Monday, December 9, 2013

Language in developmental and acquired disorders

As I mentioned in an earlier post, last June I had the great pleasure and honor of participating in a discussion meeting on Language in Developmental and Acquired Disorders hosted by the Royal Society and organized by Dorothy Bishop, Kate Nation, and Karalyn Patterson. Among the many wonderful things about this meeting was that it brought together people who study similar kinds of language deficit issues but in very different populations -- children with developmental language deficits such as dyslexia and older adults with acquired language deficits such as aphasia.

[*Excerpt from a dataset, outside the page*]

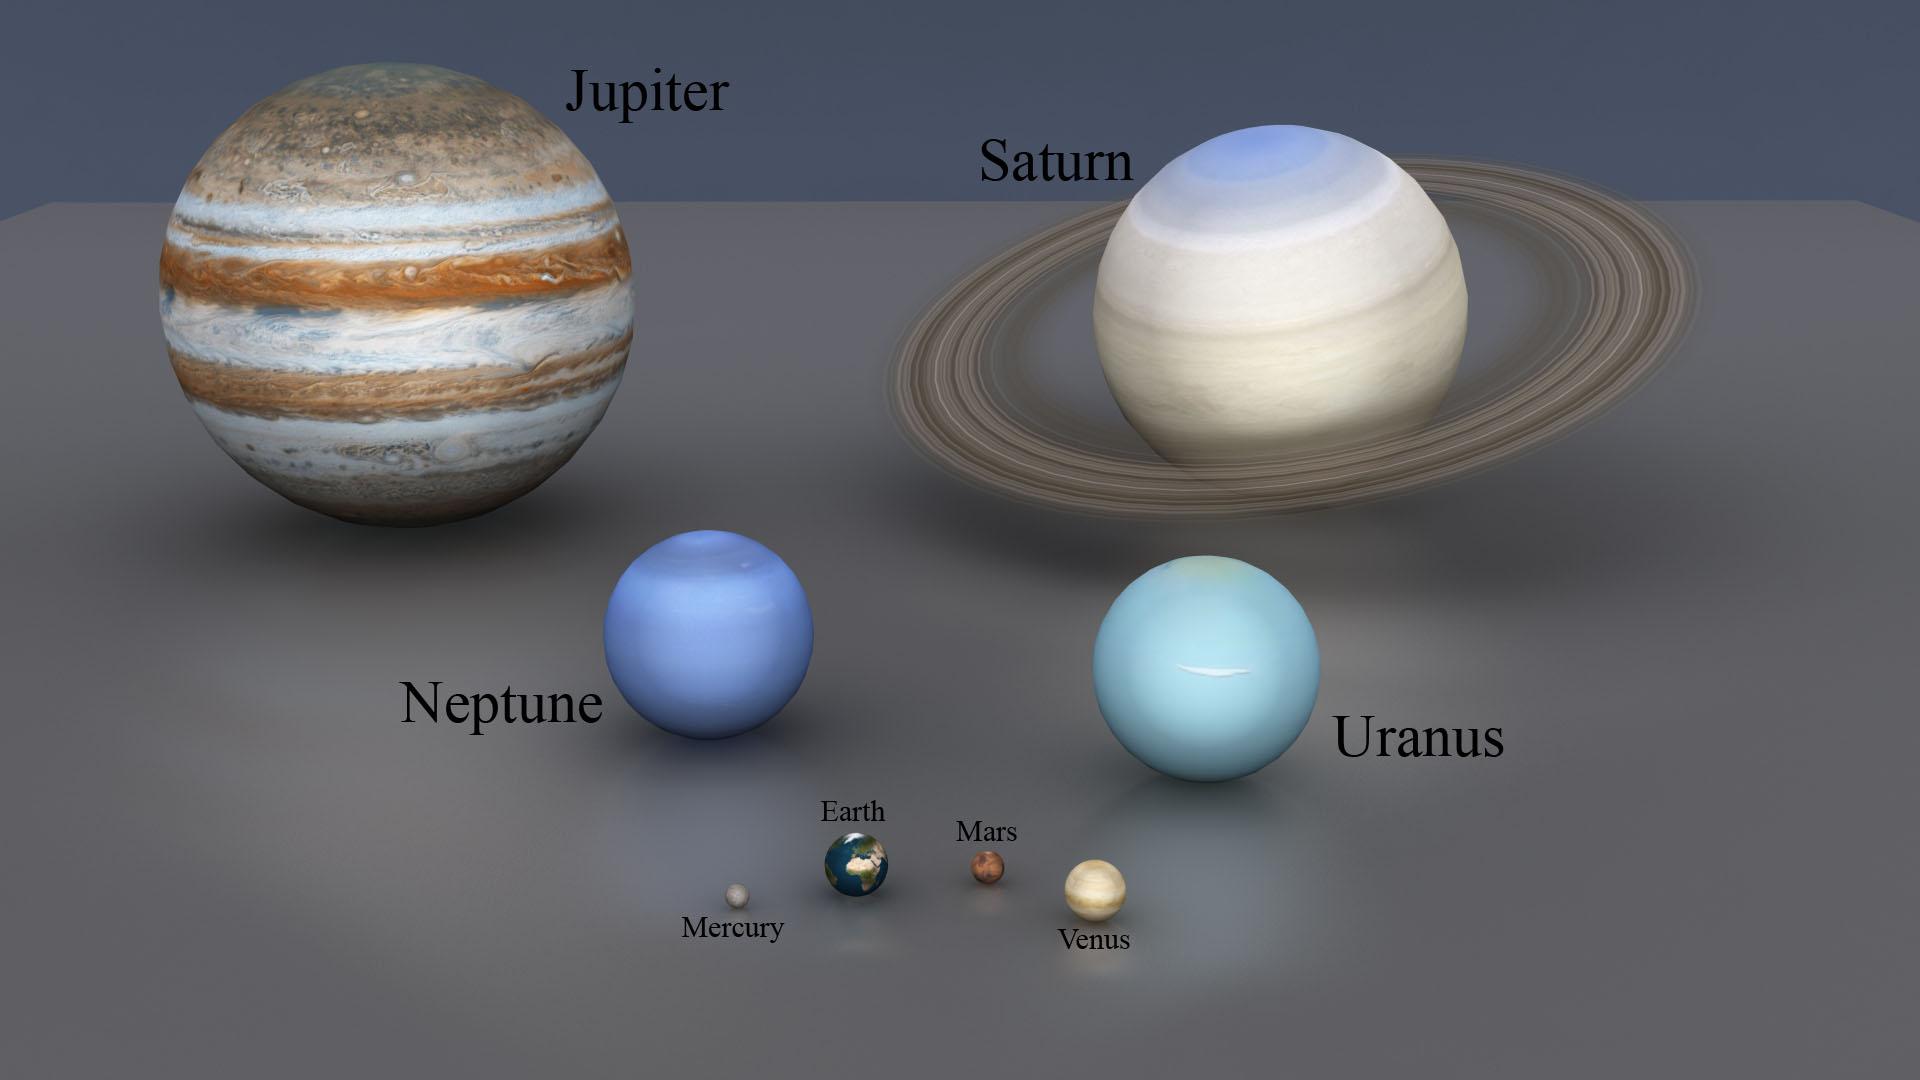 Macy Aguirre- The Outer Planets macy aguirre [Infographic]
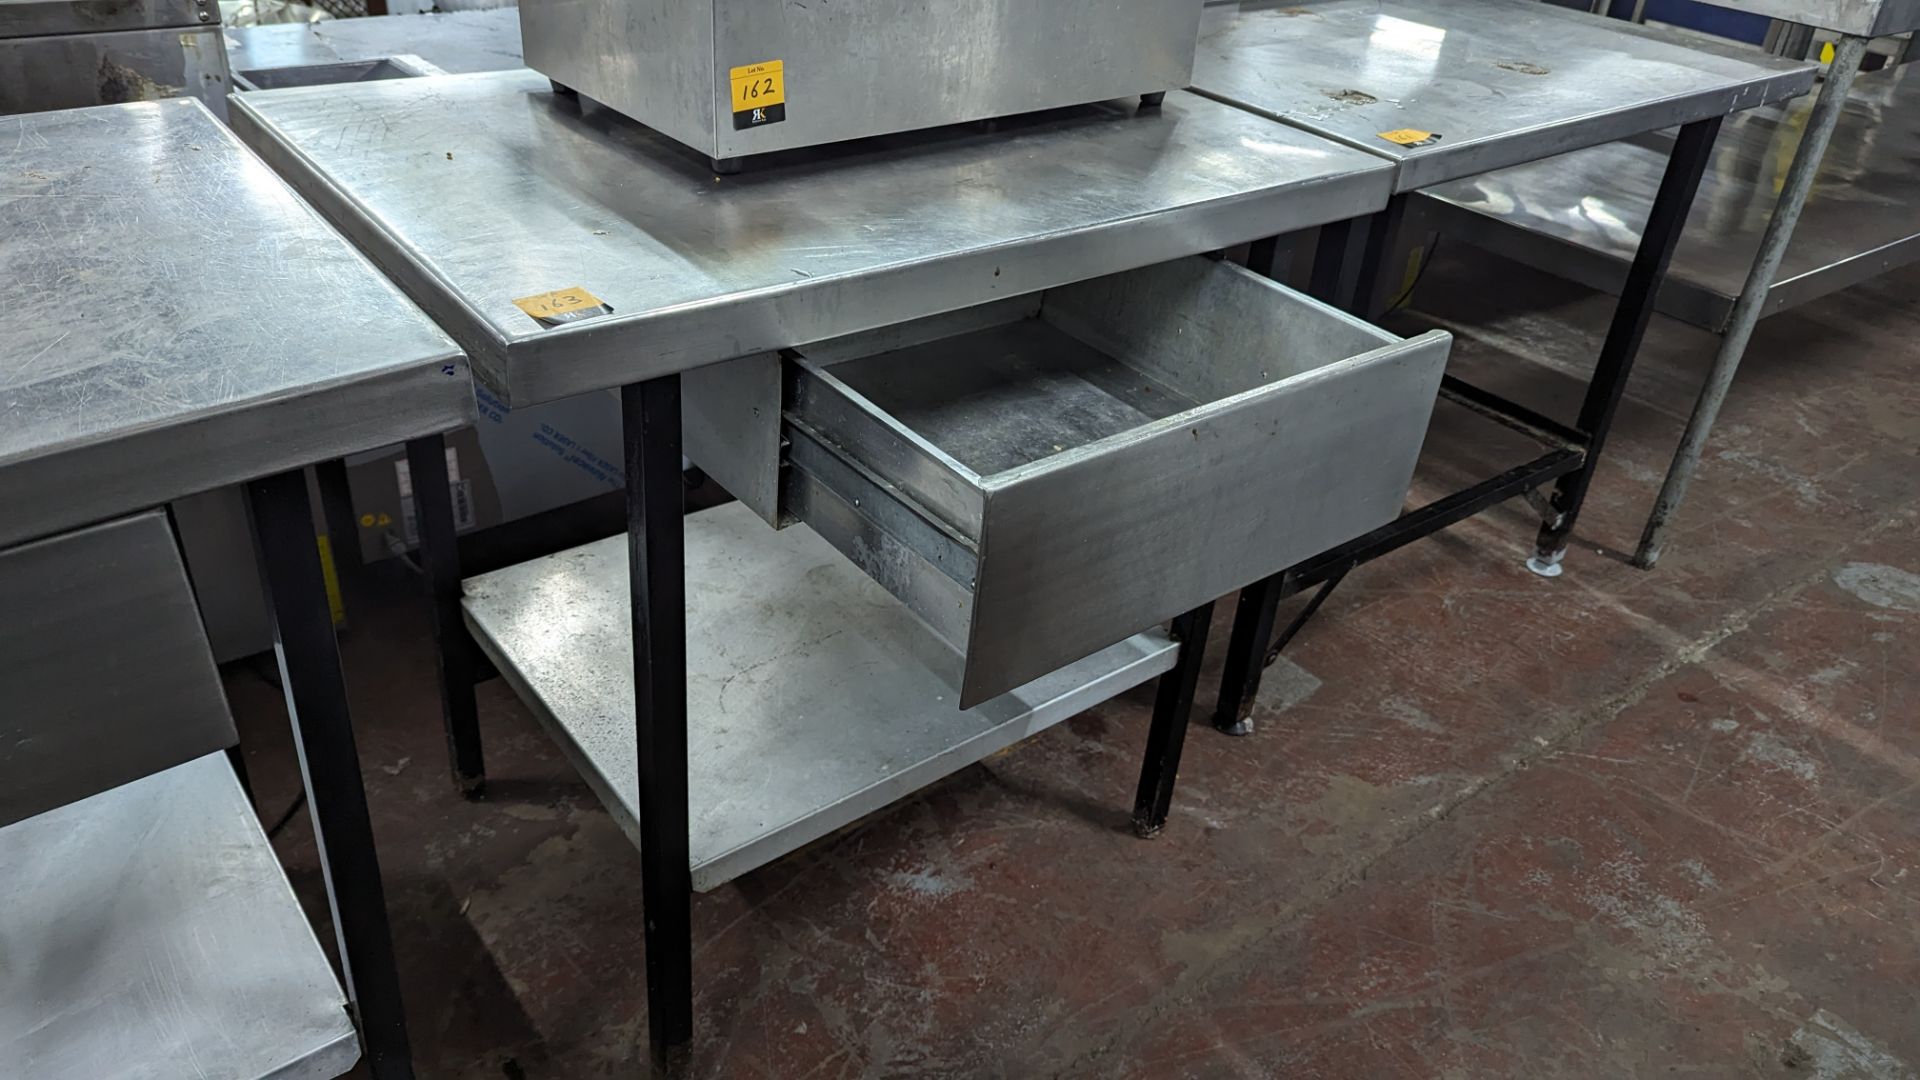 Table with stainless steel top, stainless steel pull-out drawer & shelf below. Max external dimensi - Image 4 of 4

Today, the special issue of Philosophical Transactions of the Royal Society B: Biological Sciences containing articles written by the meeting's speakers was published online (Table of Contents).

Our contribution (Mirman & Britt, 2014) to the discussion and the special issue was a review of acquired lexical "access" deficits. This was a challenging assignment because the very notion of lexical (or semantic) "access" is quite vague and different people use it to mean different things. Nevertheless, there is now a substantial body of evidence that there are at least two different kinds of semantic impairment. The first and more well-understood one is associated with the progressive neurodegenerative syndrome known as "semantic dementia" (also known as the semantic variant of primary progressive aphasia) and thought to be a deficit of the store of semantic knowledge. The second is associated with stroke aphasia and thought to be a deficit of accessing the semantic knowledge. Unfortunately, theoretical development has not quite kept pace with the growth of phenomena attributed to lexical-semantic access deficits (hence the title of our paper: What we talk about when we talk about access deficits).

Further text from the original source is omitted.